▸ Description of the task
Please output the listing below character for character and omit the images.

▸ Data extract

════════

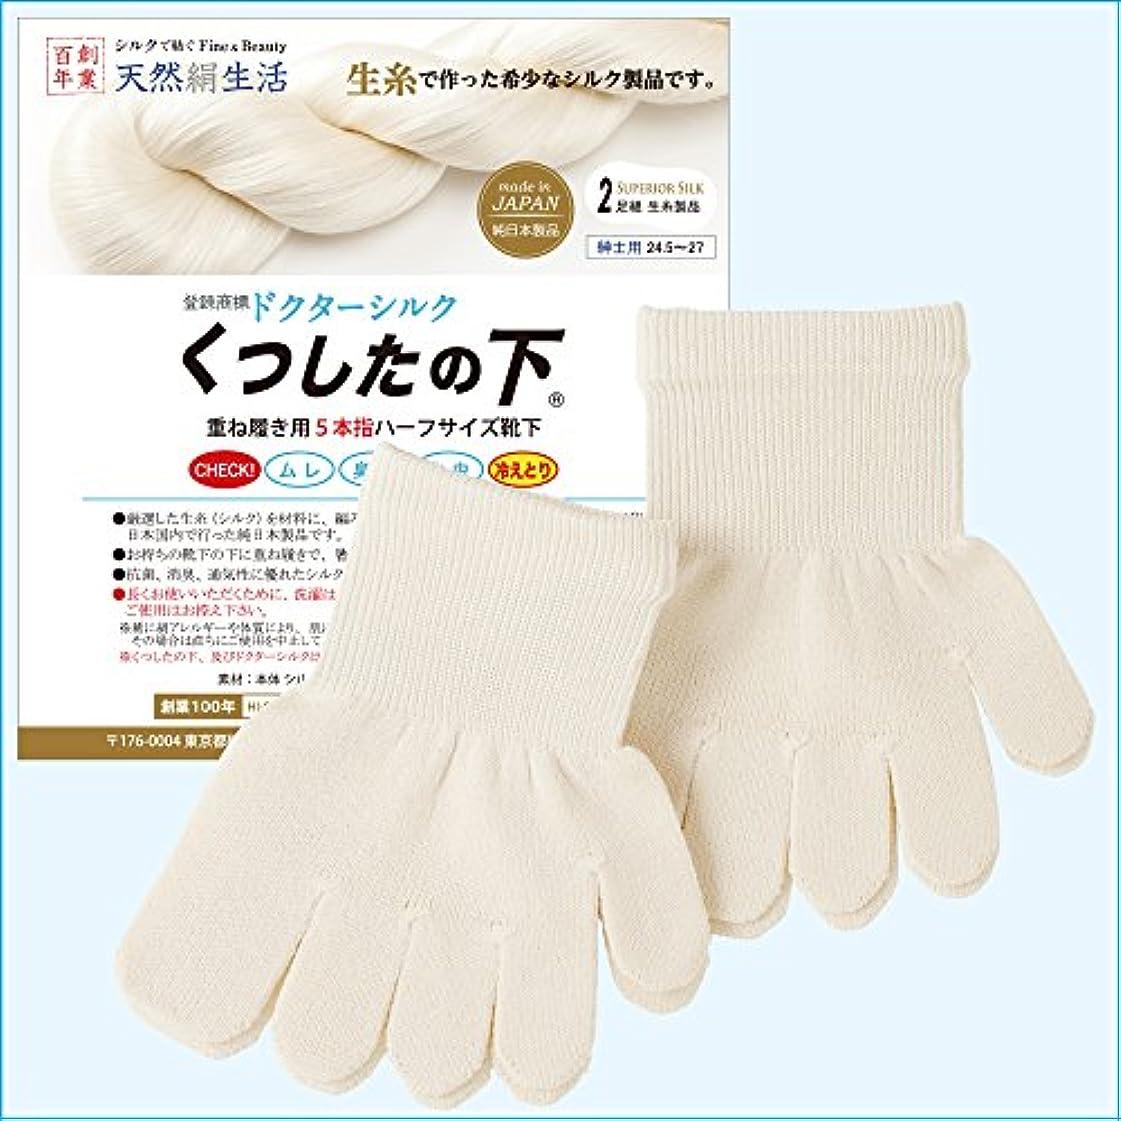 アラブラップ絶望的な【純日本製】最高峰シルク 生糸 の5本指靴下-紳士用2足組『くつしたの下』生成り/蒸れ?水虫にも
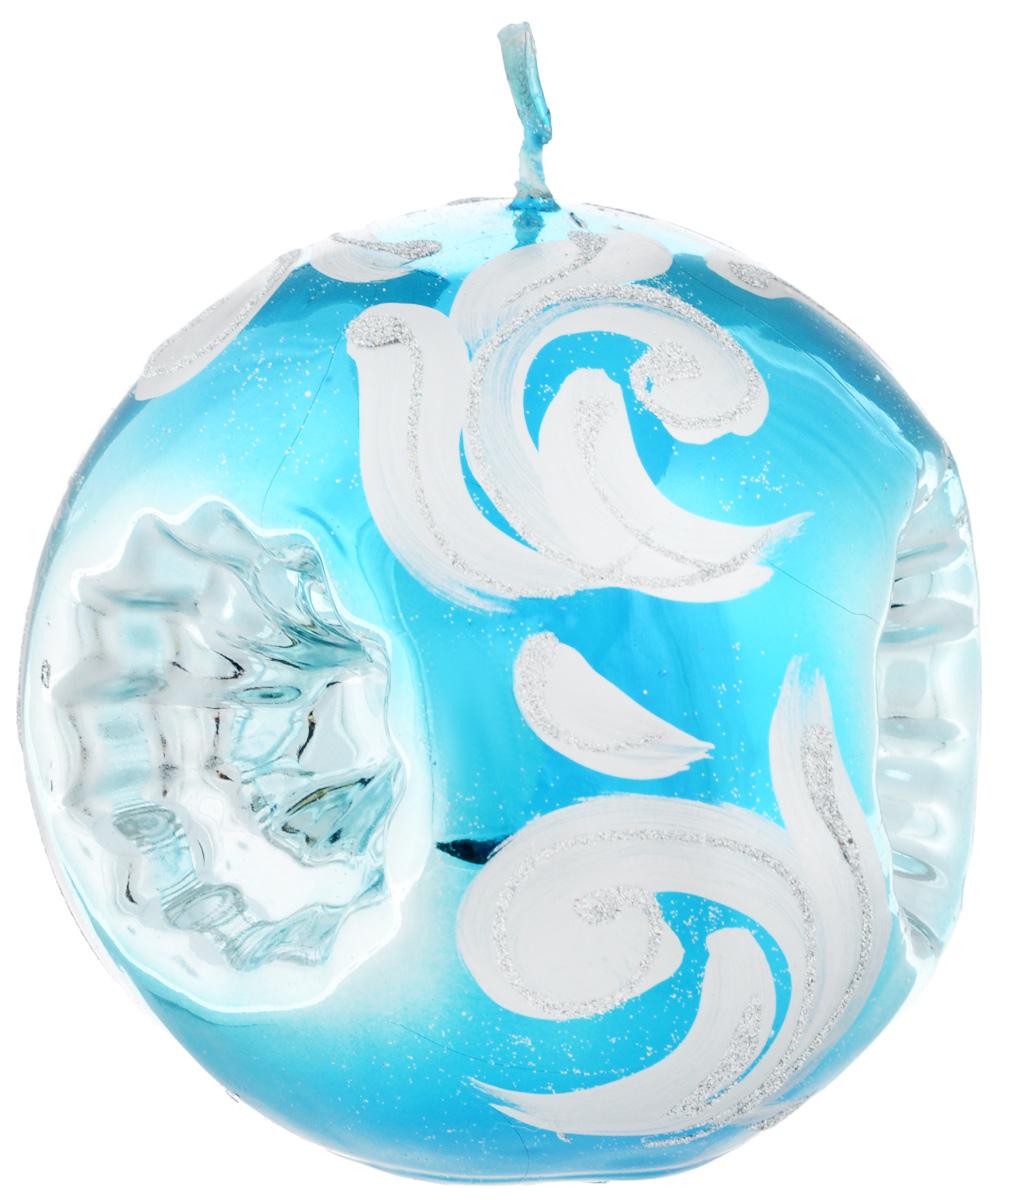 Свеча-шар Fem Рефлектор, цвет: бирюзовый, серебристый, диаметр 10 смU210DFСвеча-шар Fem Рефлектор изготовлена из парафина и декорирована изящным узором с блестками. Такая свеча станет изысканным украшением интерьера. Она принесет в ваш дом волшебство и ощущение праздника.
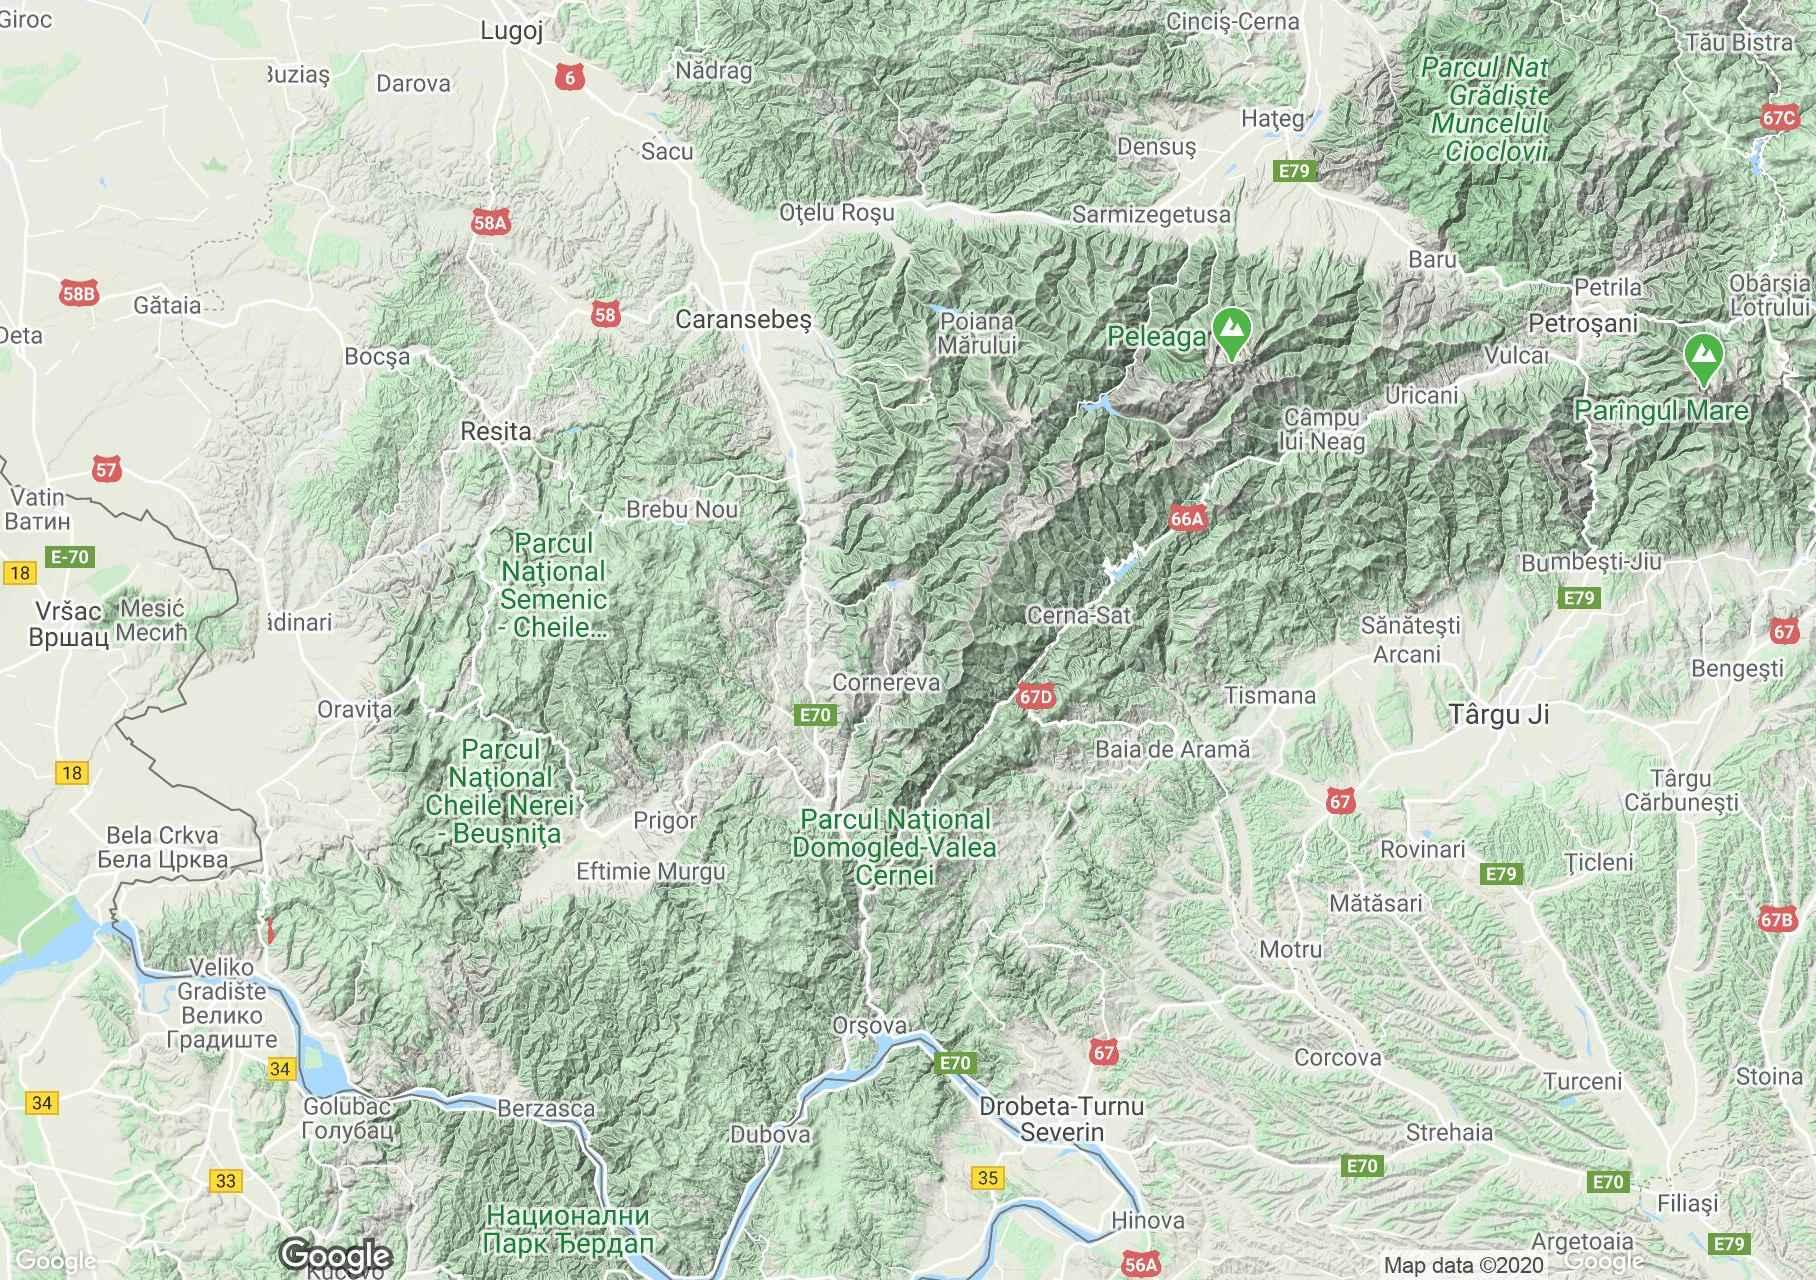 Bánsági hegység interaktív turista térképe.

════════

▸ Exercise solution
 アラブラップ絶望的な【純日本製】最高峰シルク 生糸 の5本指靴下-紳士用2足組『くつしたの下』生成り/蒸れ?水虫にも
 Свеча-шар Fem Рефлектор, цвет: бирюзовый, серебристый, диаметр 10 смU210DFСвеча-шар Fem Рефлектор изготовлена из парафина и декорирована изящным узором с блестками. Такая свеча станет изысканным украшением интерьера. Она принесет в ваш дом волшебство и ощущение праздника.
 Bánsági hegység interaktív turista térképe.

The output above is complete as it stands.